A Gift from My Mother, Age 19

By Marti Healy

I long for my mother to be here again so that I might tell her in person how much I am learning from and about her through those words she tucked away at the bottom of a box almost 80 years ago. I wish I could tell her how much I am learning to love her all over again, and how I know we would have been the very best of friends back then – just as we grew to be in the end.

The scary thing is that it almost got thrown out with boxes of trash and discarded files while we were recently cleaning out my parents’ home.

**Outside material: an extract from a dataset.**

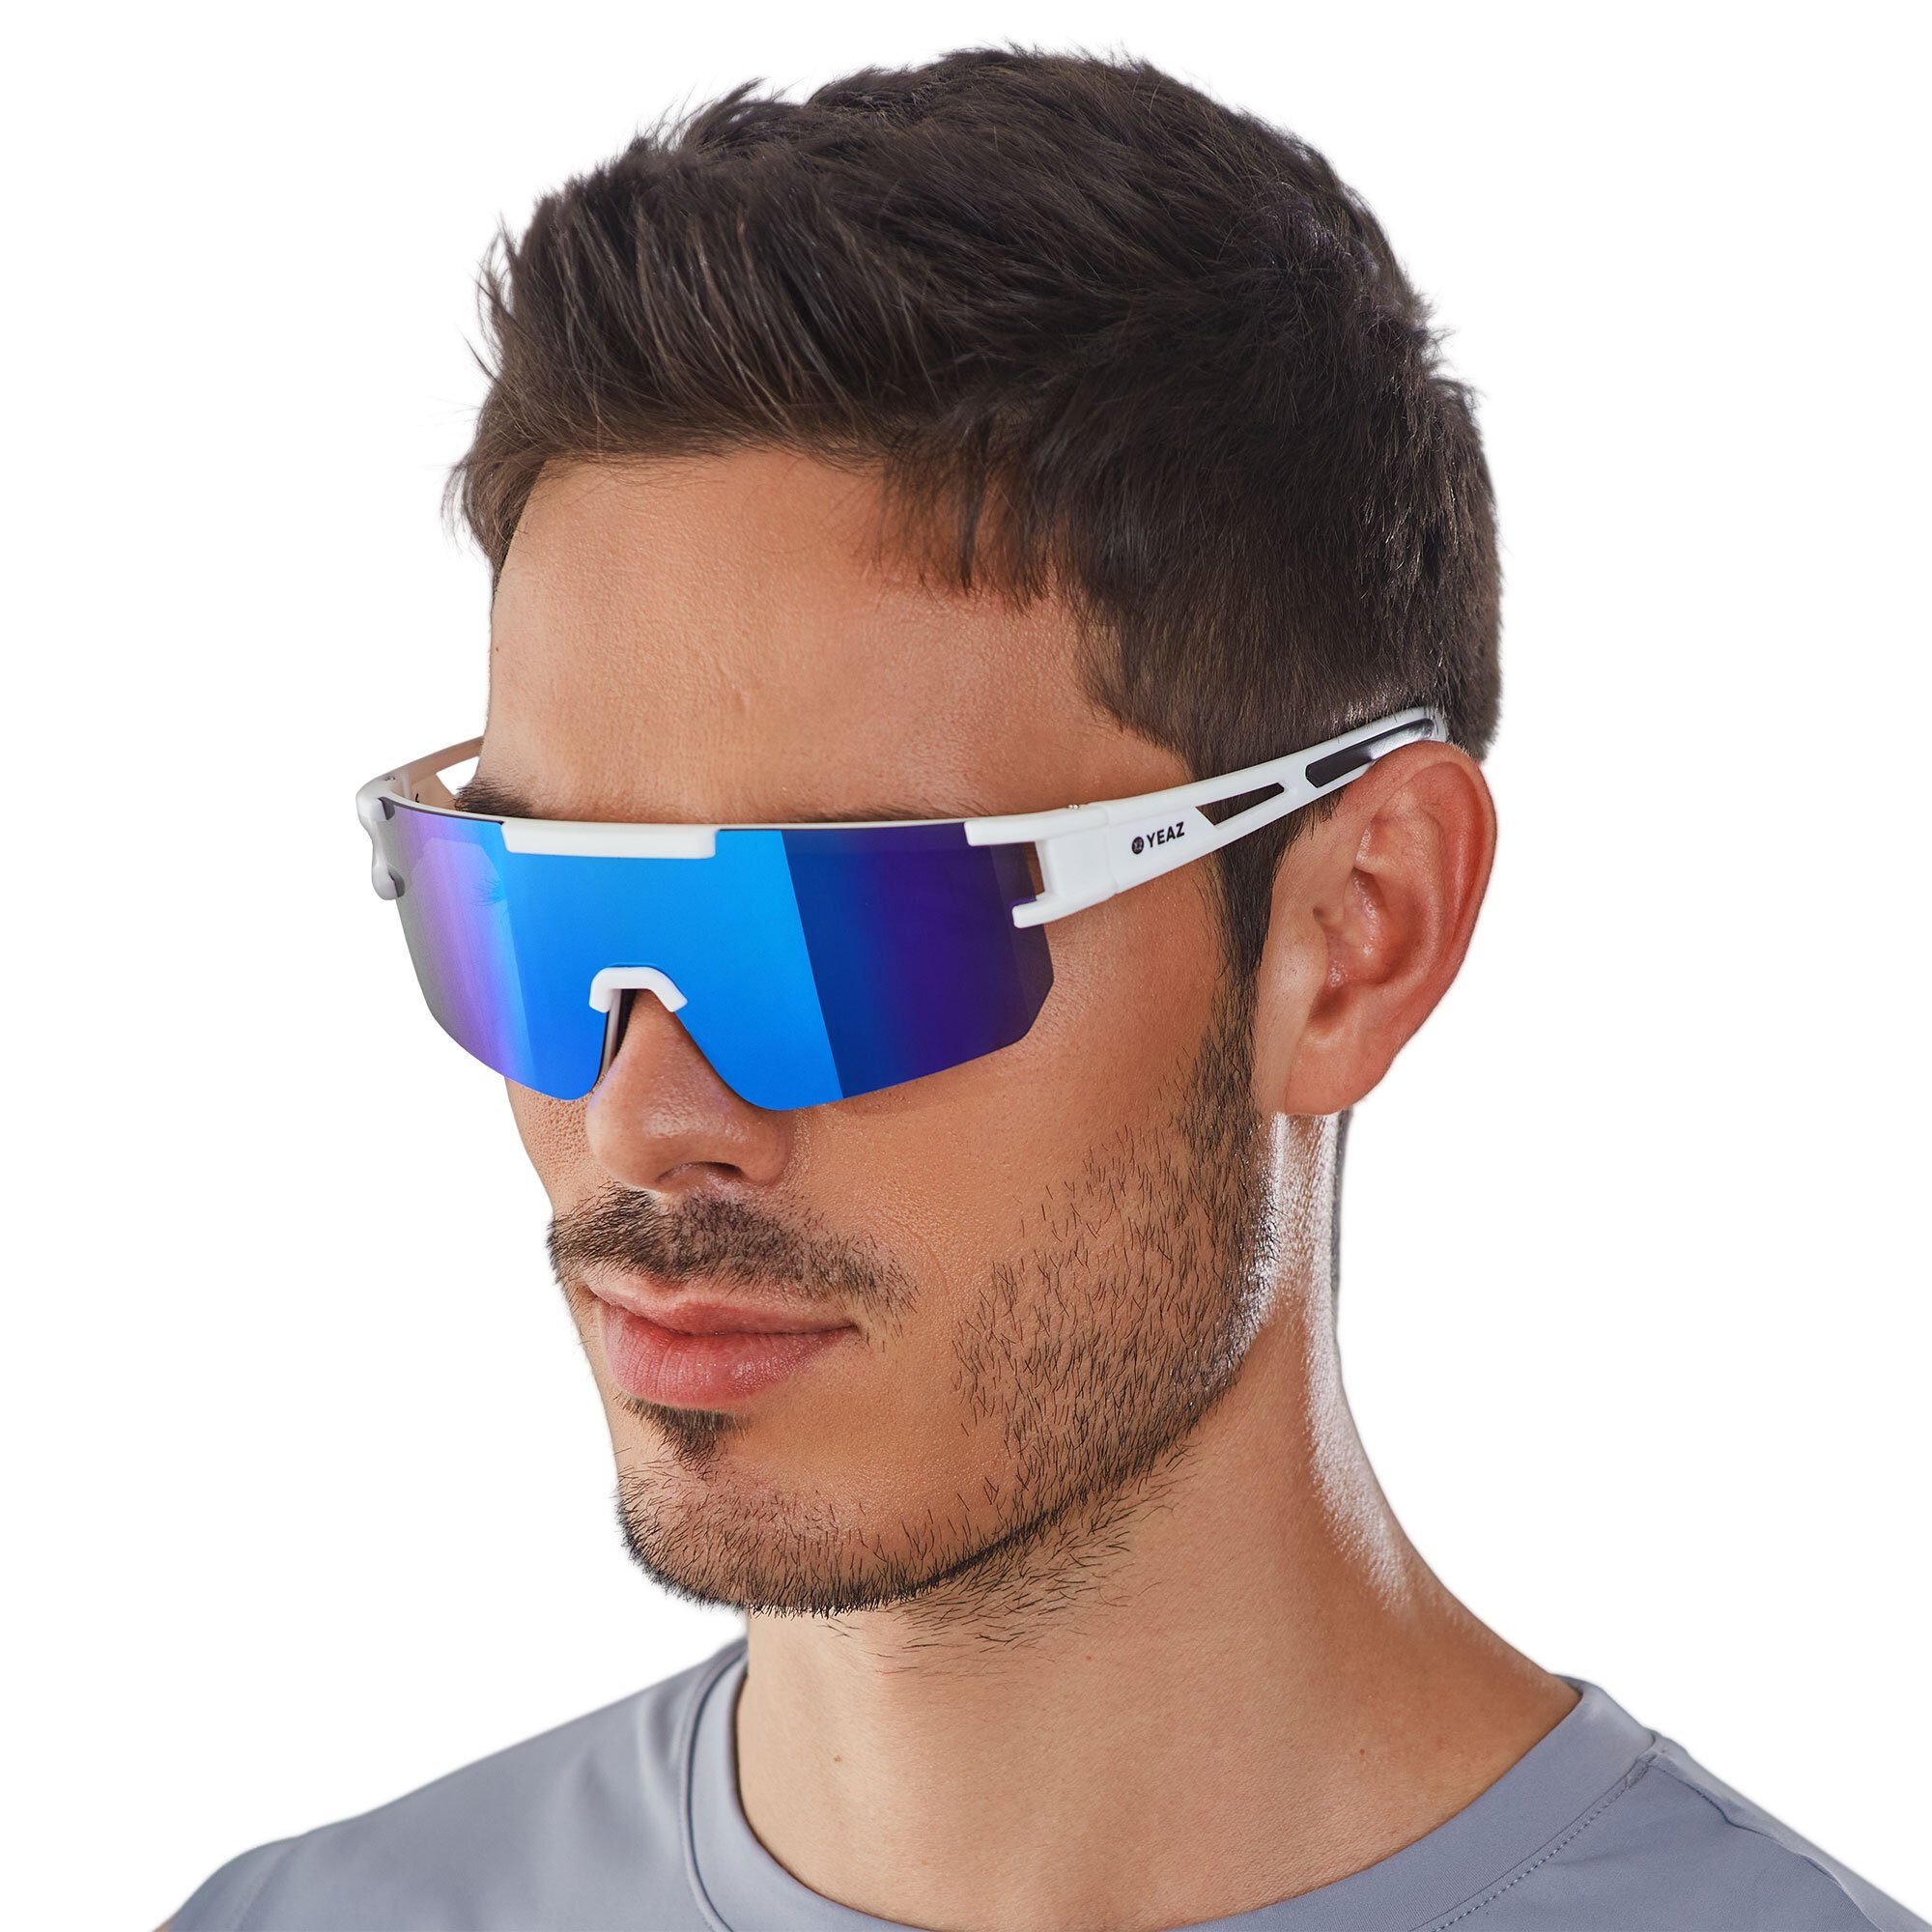 Sportbrille bright sport-sonnenbrille Sicht optimierter Guter SUNSPARK bei Schutz white/blue, YEAZ
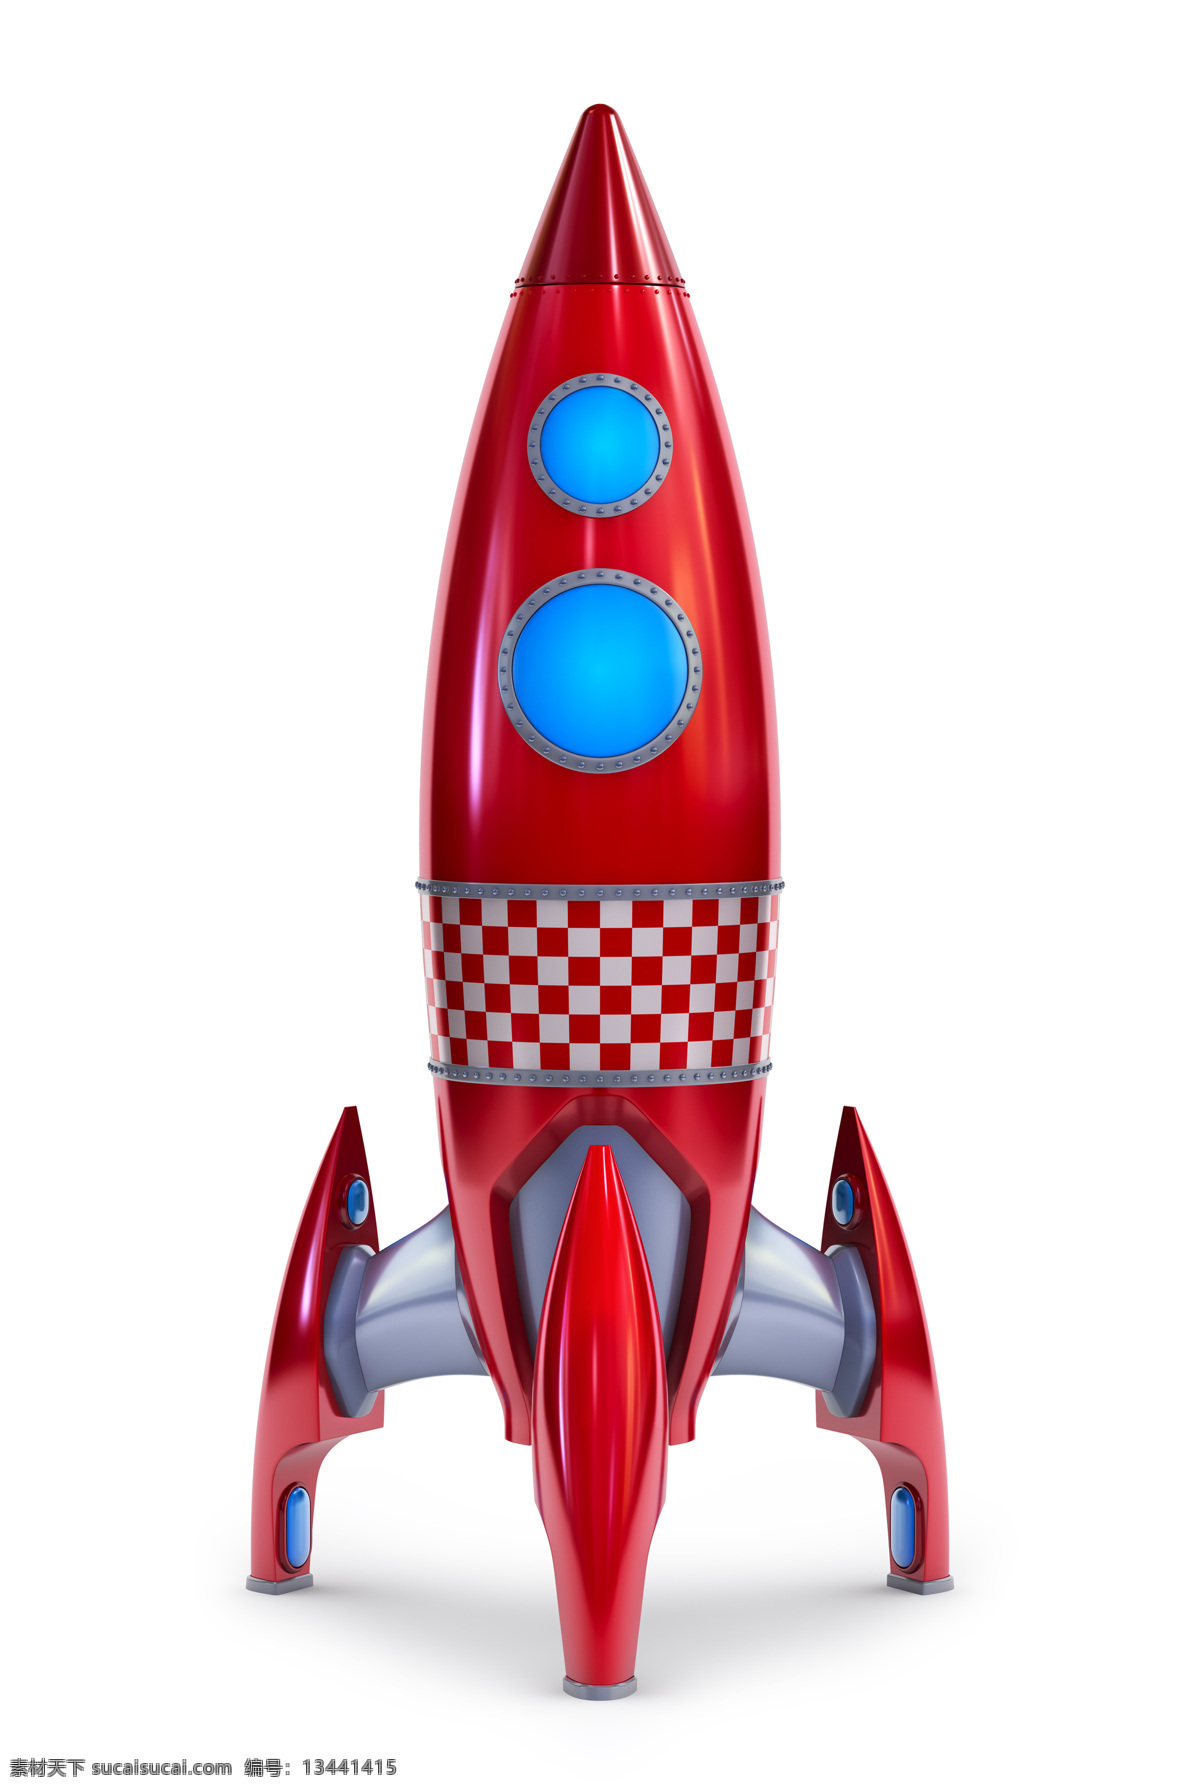 玩具 火箭 模型 火箭模型 航天科技 宇宙太空 环境家居

But there at the bottom of a soiled brown cardboard box was a small yellow-edged envelope enclosing a lock of hair, along with two faded snapshots, a report card from Interlochen national music camp, and a soft tan suede-covered book.

Turning the book over in my hands, I noticed the brass clasp on one side, and a tiny tarnished key hanging from it on a crumpled blue satin ribbon. It was a diary, old and dusty and worn. Opening its pages released its musty-scented memories on time-stiffened paper. But the ink was still bright. The handwriting was small and cramped and unmistakably my mother’s.

The first entry in the diary was dated February 16, 1934, the day after her 19th birthday. It had been a gift to mark that occasion from the special young man in her life. He would be mentioned and featured on many of the following pages throughout most of the five years the diary represented – until the day they broke each other’s hearts and went their separate ways. I have yet to read that part – although I know it is coming, from family stories I’ve been told. Yet she never shared with us the reason for the separation. I think she would not mind my knowing now. And so I keep reading.

Right from the start, I began reading the diary in the order in which it was written. Some sort of sense of honor prevents me from reading ahead or skipping places. Some sort of empathy wants me to relive her days as she did – the mundane mixed in with the exciting, the joy along with the sorrow.

This is not a journal like those in which we indulge ourselves today; it is not filled with long philosophical thinking and self-examinations of soul. Neither is it like today’s records of daily life, minute-by-minute, put out into the universe at large on an electronic billboard with inherent arrogance and naiveté, perhaps to be belittled or skewed into unintended meaning by strangers and other voyeurs. She wrote to no one, for no one, except herself. And she wrote of small, everyday things she did and felt and saw and experienced, in small, unassuming sentences.

I thought perhaps I might feel like an intruder myself to be reading it – and I do tend to open it only in privacy and quiet places. I also bring to it my own present-day maturity; it surprises me to realize that I could, by age, be grandmother to this girl of 19, in the spring of her freshman year at the University of Illinois.

But the most delightful perspective, I’ve found, is that she was my mother at an age and time long before I ever knew her. And yet, I do recognize her in so many ways – her spirit of fun, her humor, her kindness, her enthusiasm for life, her courage. Still, I never felt that I knew that part of her that experienced deep disappointment, and hope-filled anticipation for all the possibilities yet to be, and who was passionate with the unrest of youth – all those things that I am finding still bright in blue ink, often squeezed into margins.

I long for my mother to be here again so that I might tell her in person how much I am learning from and about her through those words she tucked away at the bottom of a box almost 80 years ago. I wish I could tell her how much I am learning to love her all over again, and how I know we would have been the very best of friends back then – just as we grew to be in the end. And I would like to believe that, somehow, she had a foreknowledge of that truth – some premonition of it. So perhaps that’s why she saved the diary all those years, placing it gently, safely, at the bottom of a brown cardboard box, next to a lock of her hair, two small photographs, and a memento from Interlochen national music camp. Perhaps she knew, one day, it would be there to touch my hand and my heart.